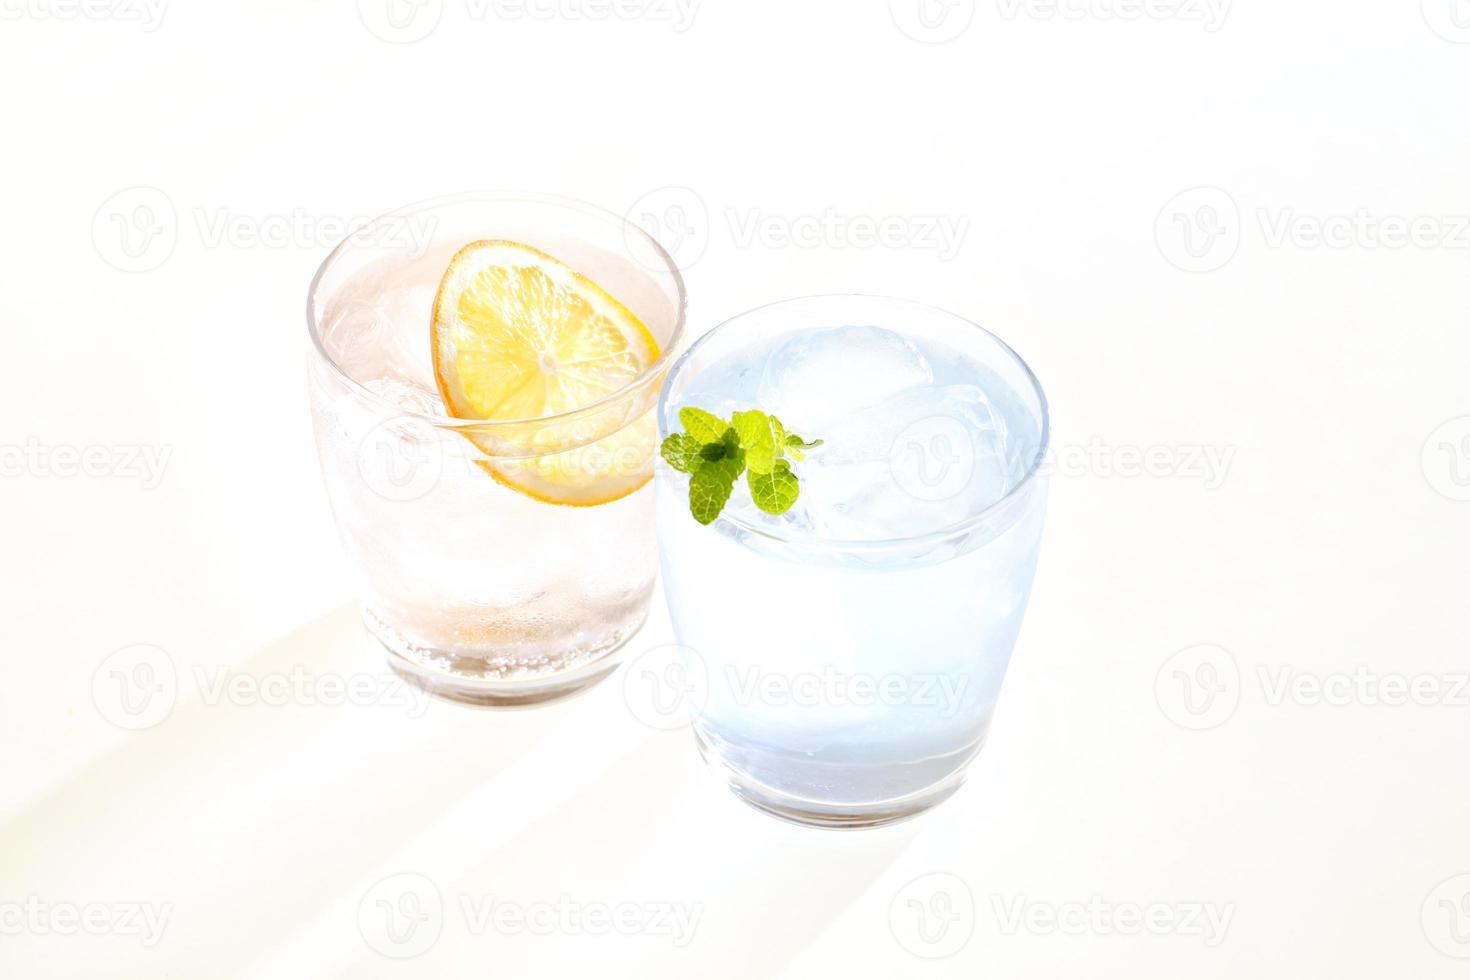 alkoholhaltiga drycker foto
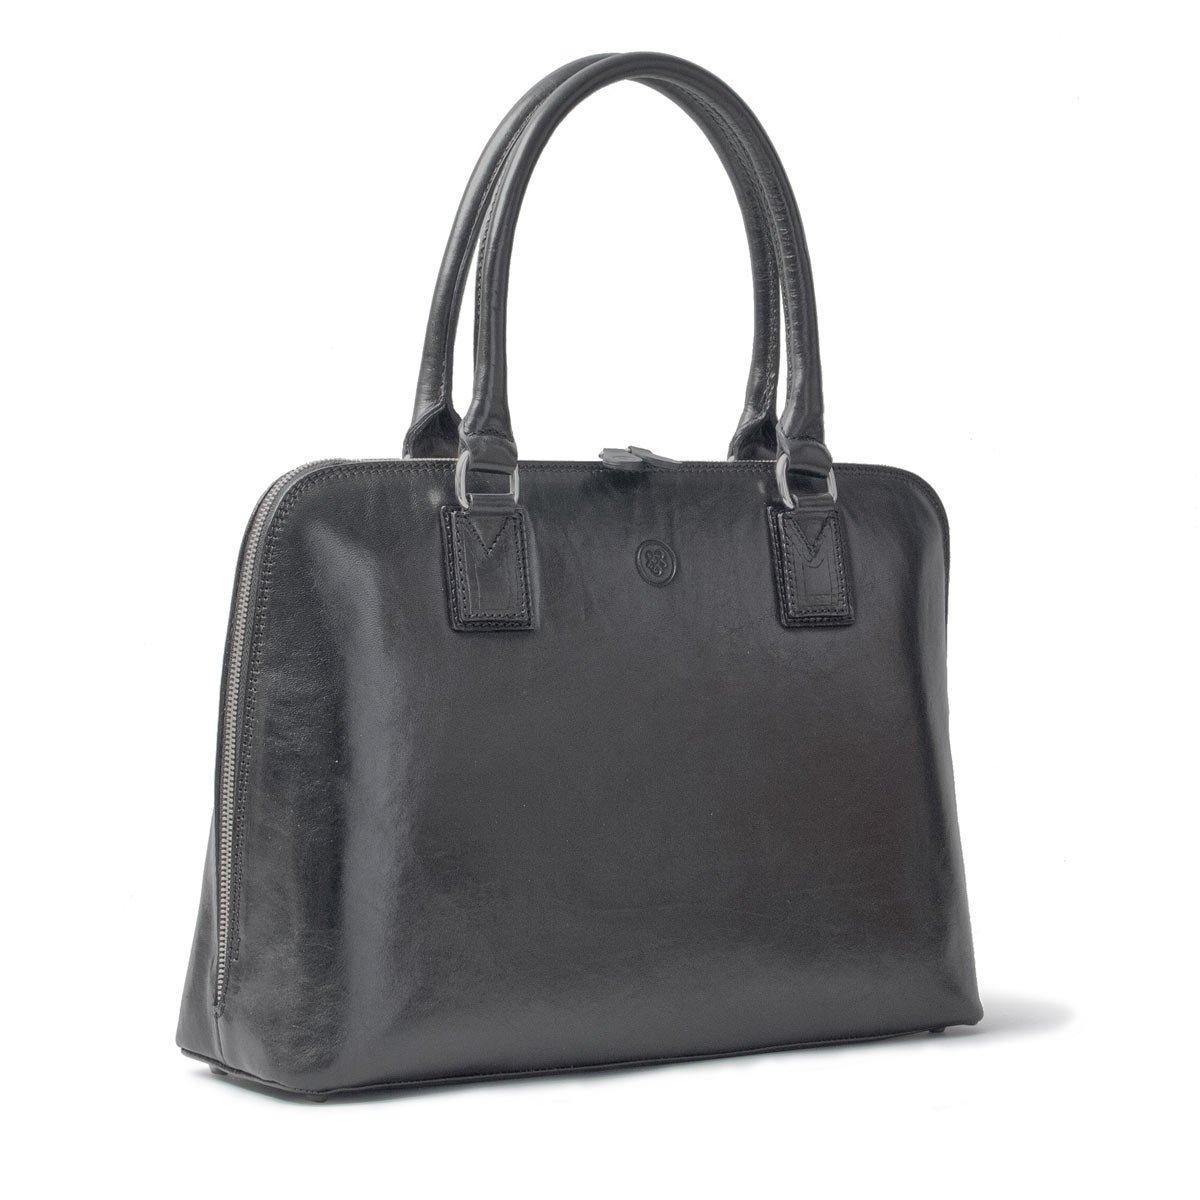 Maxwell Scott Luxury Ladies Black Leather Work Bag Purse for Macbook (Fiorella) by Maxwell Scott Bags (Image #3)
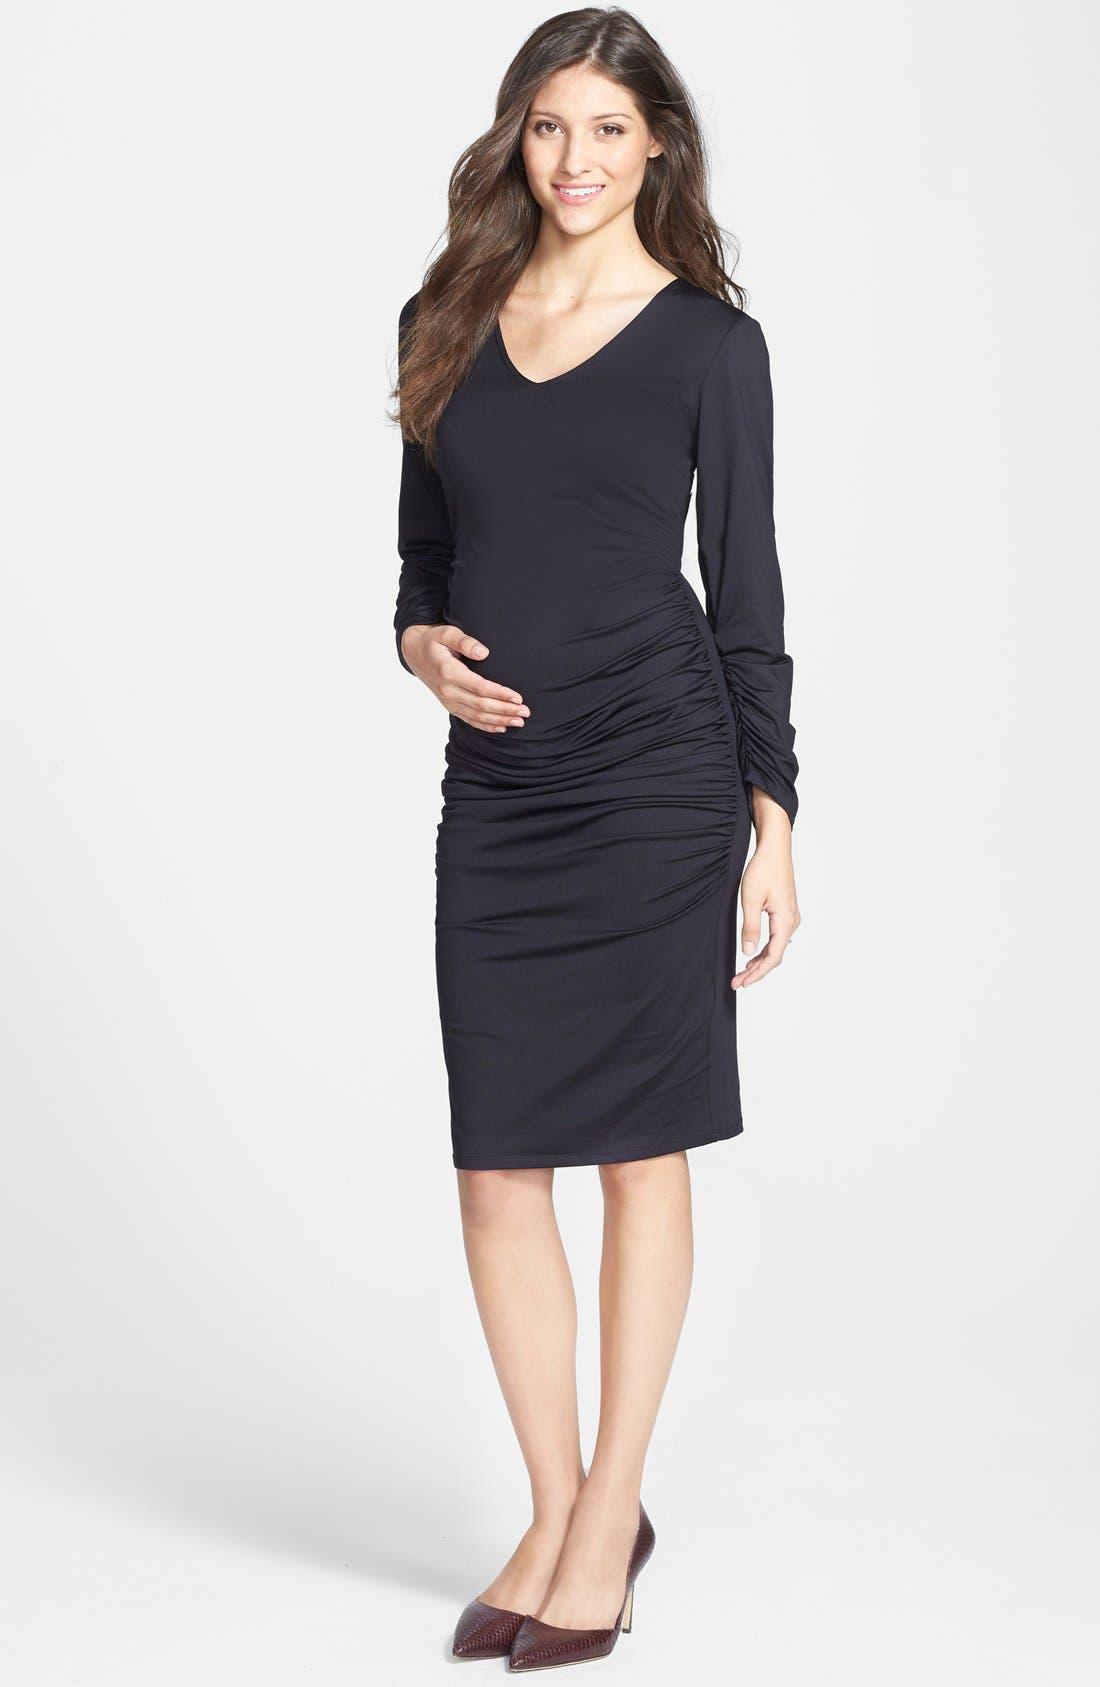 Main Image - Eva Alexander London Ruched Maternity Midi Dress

Your goal:
Output the line containing "Maxwell Scott Luxury" along with every line after it to the end of the material, exactly as written, but without pictures.

Solution to the exercise:
 Maxwell Scott Luxury Ladies Black Leather Work Bag Purse for Macbook (Fiorella) by Maxwell Scott Bags (Image #3)
 Main Image - Eva Alexander London Ruched Maternity Midi Dress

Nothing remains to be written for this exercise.